Stored vs. Derived Data

By this point in the part, you have written many summary queries. Some of those queries return values that the application uses repeatedly: the number of cards in a deck, the average rating per deck, the count of active loans per member. A natural question arises: should those values live in the database as stored columns, or should they be computed every time they are needed?

Stored data is kept explicitly in the database as a column value. It is written when a row is created or updated and read back as-is. A course title, an exercise deadline, a submission timestamp, a card’s question text — these are facts the system needs to remember directly. There is no way to compute a course title from anything else; it has to be stored.

Derived data is computed from stored data when needed. The number of submissions for an exercise, the average score across all submissions for a course, the count of cards in each deck — each of these can be computed from the underlying tables. The storage layer holds the facts; the query layer derives the summaries.

The choice between storing and deriving is a trade-off across three goals:

Consistency. Stored data can drift from reality. If decks.card_count is a stored column that is supposed to equal the number of cards in the deck, then every change to the cards table has to also update decks.card_count. A bug, a missed update, or a concurrent write can leave the stored count wrong. With derived data, this category of bug does not exist, because the count is always computed fresh.
Convenience. Stored data is easy to read. A query for “show me all decks with their card counts” is simpler when the count is already there as a column. With derived data, the query has to join, group, and count.
Performance. Stored data is faster to read. Computing a summary across thousands or millions of rows takes time; reading a precomputed value takes no time. For a high-traffic dashboard, this difference can matter.

Storing favors convenience and read performance. Deriving favors consistency.

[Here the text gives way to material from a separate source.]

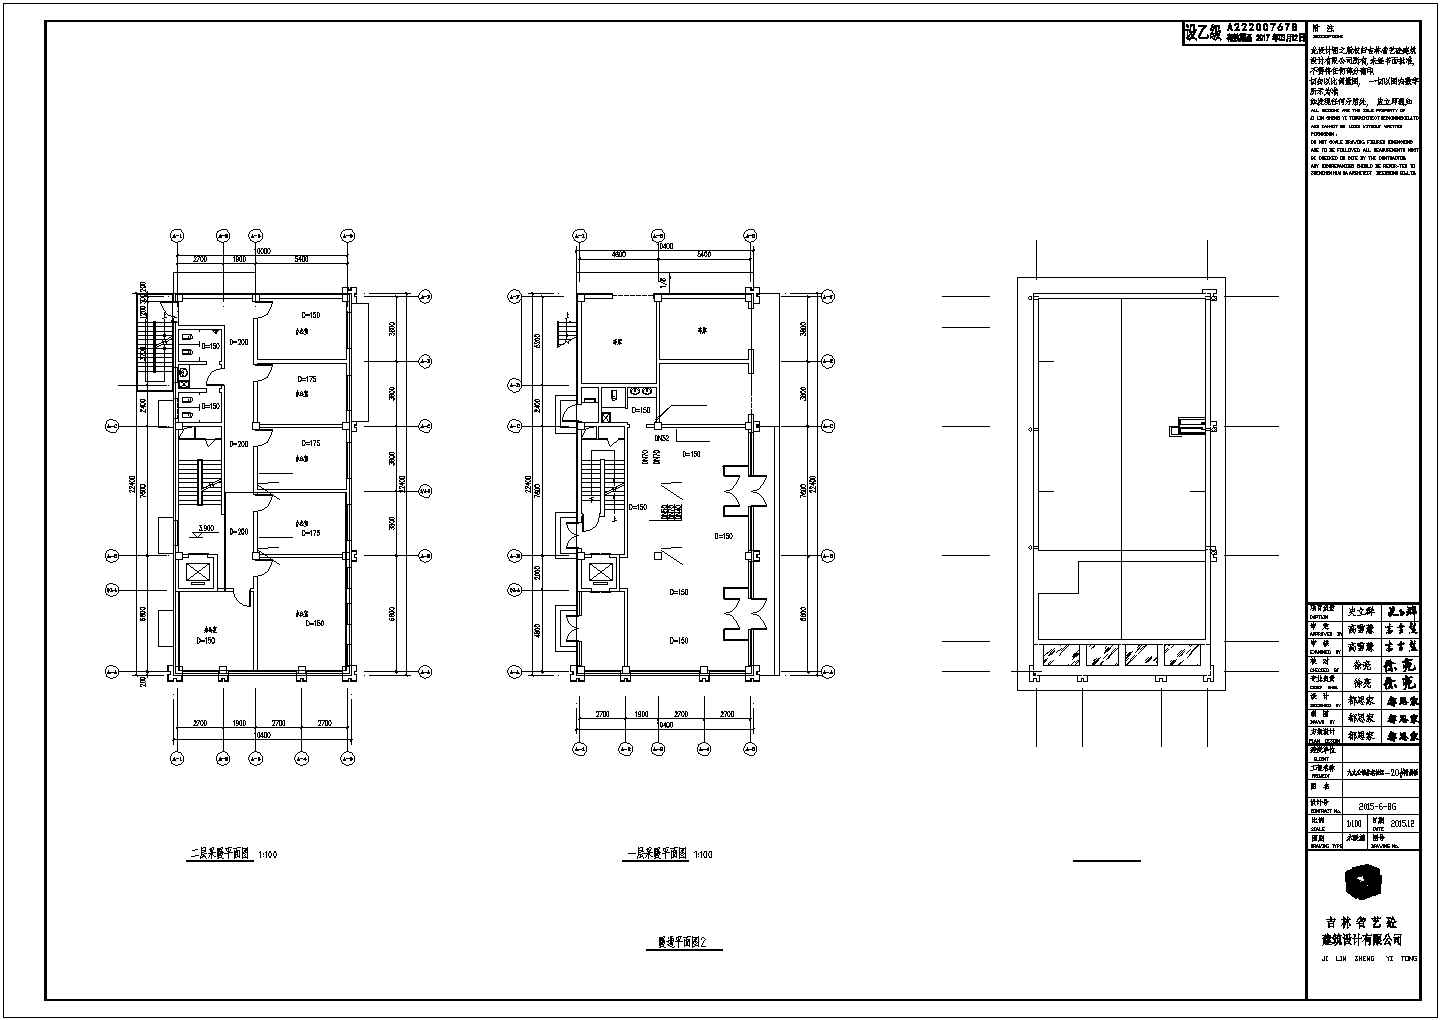 衡阳市某大学氮肥厂5层框架结构办公楼水暖风系统全套设计CAD图纸

Choosing between them is a trade-off, not a universal rule.

This part defaults to deriving, and the next part takes up the trade-off in detail under the name denormalization, including the patterns for keeping a stored summary correct when storing really is the right choice.

Loading Exercise...

A Before-and-After Example

To make the trade-off concrete, consider a team thinking about adding card_count directly to the decks table:

ALTER TABLE decks ADD COLUMN card_count INTEGER NOT NULL DEFAULT 0;

Before storing it:

the count is computed with SELECT COUNT(*) FROM cards WHERE deck_id = {deck_id},
the only source of truth is the cards table,
adding, updating, or deleting a card just works,
the deck list page runs one extra grouped query.

After storing it:

the deck list page can read decks.card_count directly,
but every insert into cards must also UPDATE decks SET card_count = card_count + 1 WHERE id = {deck_id},
every delete from cards must decrement,
moving a card from one deck to another must decrement one and increment another,
if any of these updates is missed (in a route, in a script, in a future feature), the stored count drifts from reality,
and detecting the drift later requires re-running the derived query and comparing.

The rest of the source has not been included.